El 13 de enero fallecía, a los 90 años de edad, el P. Elías Juan Elena Sáez, miembro de nuestra comunidad del Seminario San José-EPLA de Godella (Valencia). Natural de Santa Eulalia (Teruel), donde nacía el 8 de marzo de 1935, ingresó en el Seminario San José el 17 de octubre de 1946 y allí tuvo lugar su toma de hábito y su año de noviciado, que comenzó el 13 de julio de 1951.
Tras emitir sus primeros votos el 14 de julio de 1952, fue destinado al Colegio Nuestra Señora del Rosario -actual Colegio Nuestra Señora de los Dolores- de Hellín (Albacete), donde realizó sus estudios de Filosofía. En 1955 fue destinado a la Casa del Salvador de Amurrio (Álava), donde estudió Teología y emitió los votos perpetuos del 14 de julio de 1958.
Ordenado sacerdote el 29 de junio de 1960 en Bilbao, un mes después fue destinado a la comunidad de la Casa de Observación y Clasificación El Cristo. Al organizarse la Congregación en provincias, quedó incardinado en la del Sagrado Corazón en junio de 1961 y fue destinado a la comunidad del Colegio Sagrado Corazón de Madrid. Allí compagino la educación de los internos con sus estudios de Derecho Canónico en la Universidad de Comillas, licenciatura que obtuvo en junio de 1963.

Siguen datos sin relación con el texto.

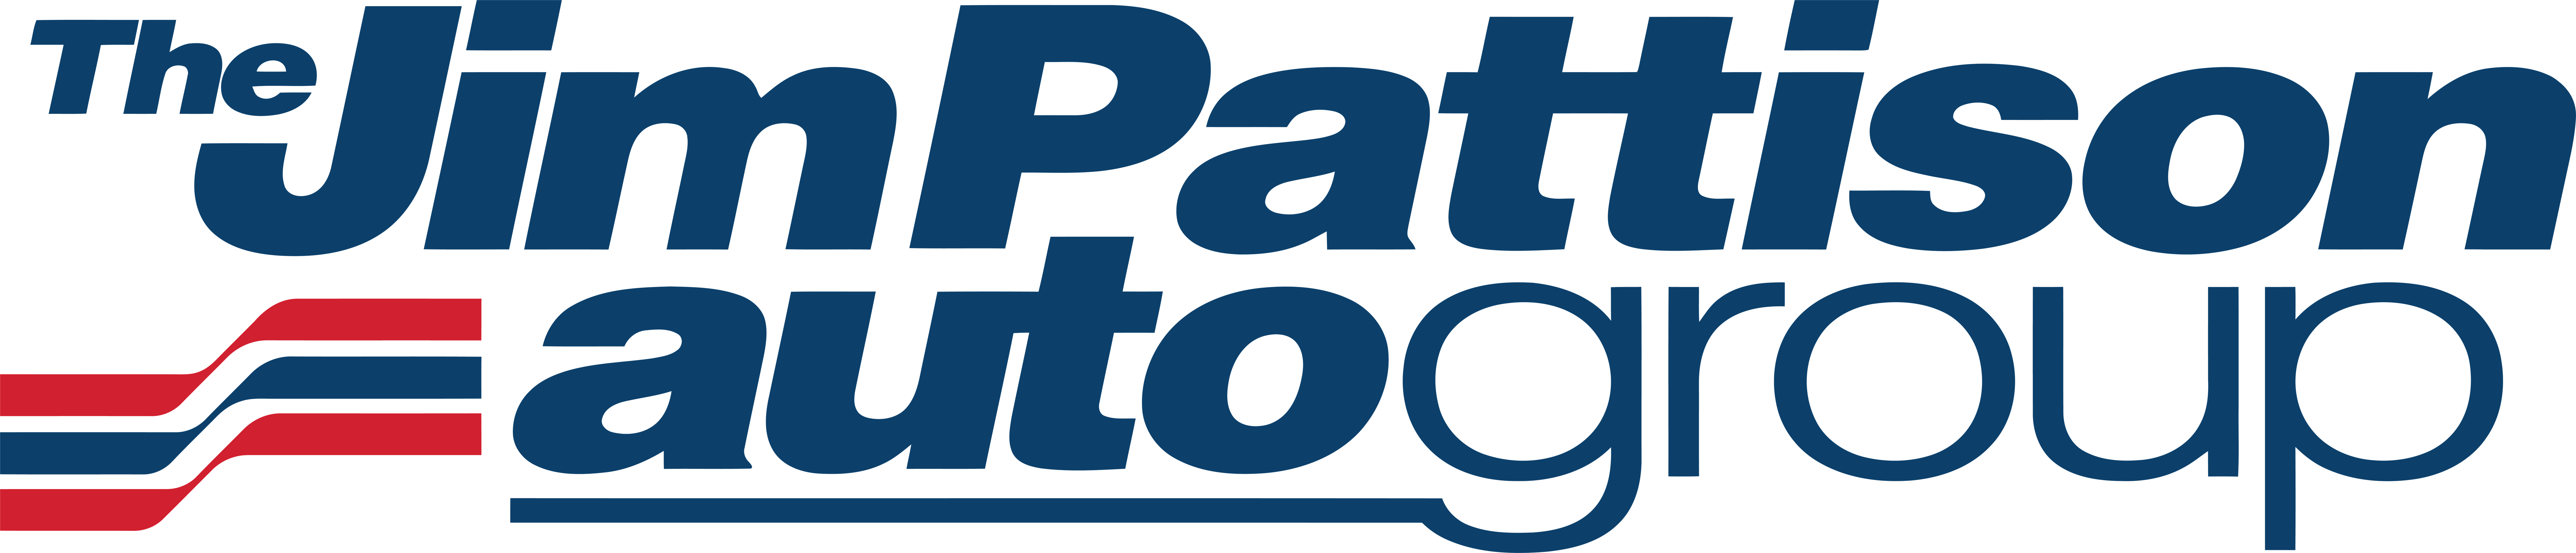 Jim Pattison Auto Group logo

Trasladado a comienzos de 1965 a la Ciudad Residencial Infantil San Cayetano de León, permaneció allí hasta noviembre, cuando fue destinado al Colegio San Hermenegildo de Dos Hermanas (Sevilla). Tras algo más de cinco años allí, pasó a la comunidad del Colegio Santa Rita de Madrid. Allí permaneció hasta agosto de 1974 y allí regresaría en 1975 como superior y director, tras un periodo como vicesuperior del Colegio San Nicolás de Bari de Teruel.
En 1979 comenzó su etapa misionera en América. En agosto de ese año llegó al Colegio Monseñor Tomás Solari de Morón (Argentina) y en 1981 fue nombrado primer consejero de esta delegación provincial. En febrero de 1982 fue destinado a la Casa de Punta de Parra, en Chile, que acababa de ser fundada, y donde permaneció hasta su regreso a Argentina en 1984 para ir a la nueva fundación de la Casa de San Luis.

Una nueva fundación sería su destino a principios de 1988, en este caso en la Casa de Santa Cruz de la Sierra de Bolivia. Incardinado en la Provincia Buen Pastor en febrero de 1922, a finales de ese año volvería por unos meses a Punta de Parra. En febrero de 1993 fue destinado a República Dominicana para recalar en el Instituto Preparatorio de Menores, pero en julio del año siguiente regresaría de nuevo a Punta de Parra para ejercer de administrador.
En 1996 fue nombrado miembro del Equipo de Formación del Juniorado del Cono Sur y trasladado a la Casa de Villa Alemana. Dos años después tuvo lugar su último regreso a la Casa de Punta de Parra, donde sería superior durante cuatro años. Tras cerrarse la casa en 2002, ejerció otros dos años como superior en la comunidad del Centro Educativo P. Luis Amigo de Concepción. Allí permaneció hasta 2015 cuando, tras ser incardinado en la Provincia San José, fue destinado a la comunidad de San Francisco de Asís de Copacabana (Colombia).
Tras unos meses en la comunidad del Padre Luis Arturo Nieto de Bogotá, a finales de 2021 regresa a España y queda incardinado en nuestra Provincia Luis Amigó, siendo destinado a la comunidad del Seminario San José-EPLA de Godella, donde fallecía este 13 de enero.

“Hombre recio y adornado con los valores de nobleza y sinceridad característicos de la tierra turolense, se caracterizó pro su carácter fuerte y su genio vivo. Pero también por su disponibilidad para atender y secundar las decisiones y traslados que decidieron sus superiores. En este sentido, su itinerario vital muestra cifras que marcan verdaderos récords: Estuvo incardinado en cuatro provincias, perteneció a dos delegaciones provinciales y ejerció su apostolado en seis naciones”, le describe el P. Juan Antonio Vives, historiador de la Congregación en su necrológico.
“Si grande fue su disponibilidad, no fue menor su austeridad y cómo supo vivir a lo largo de sus años contentándose con poseer lo imprescindible y adaptándose a las condiciones y culturas de las distintas comunidades en las que estuvo de familia. Esta austeridad, no cabe duda de que fue uno de los valores que más y mejor facilitaron y propiciaron su misma disponibilidad”, concluye el P. Vives.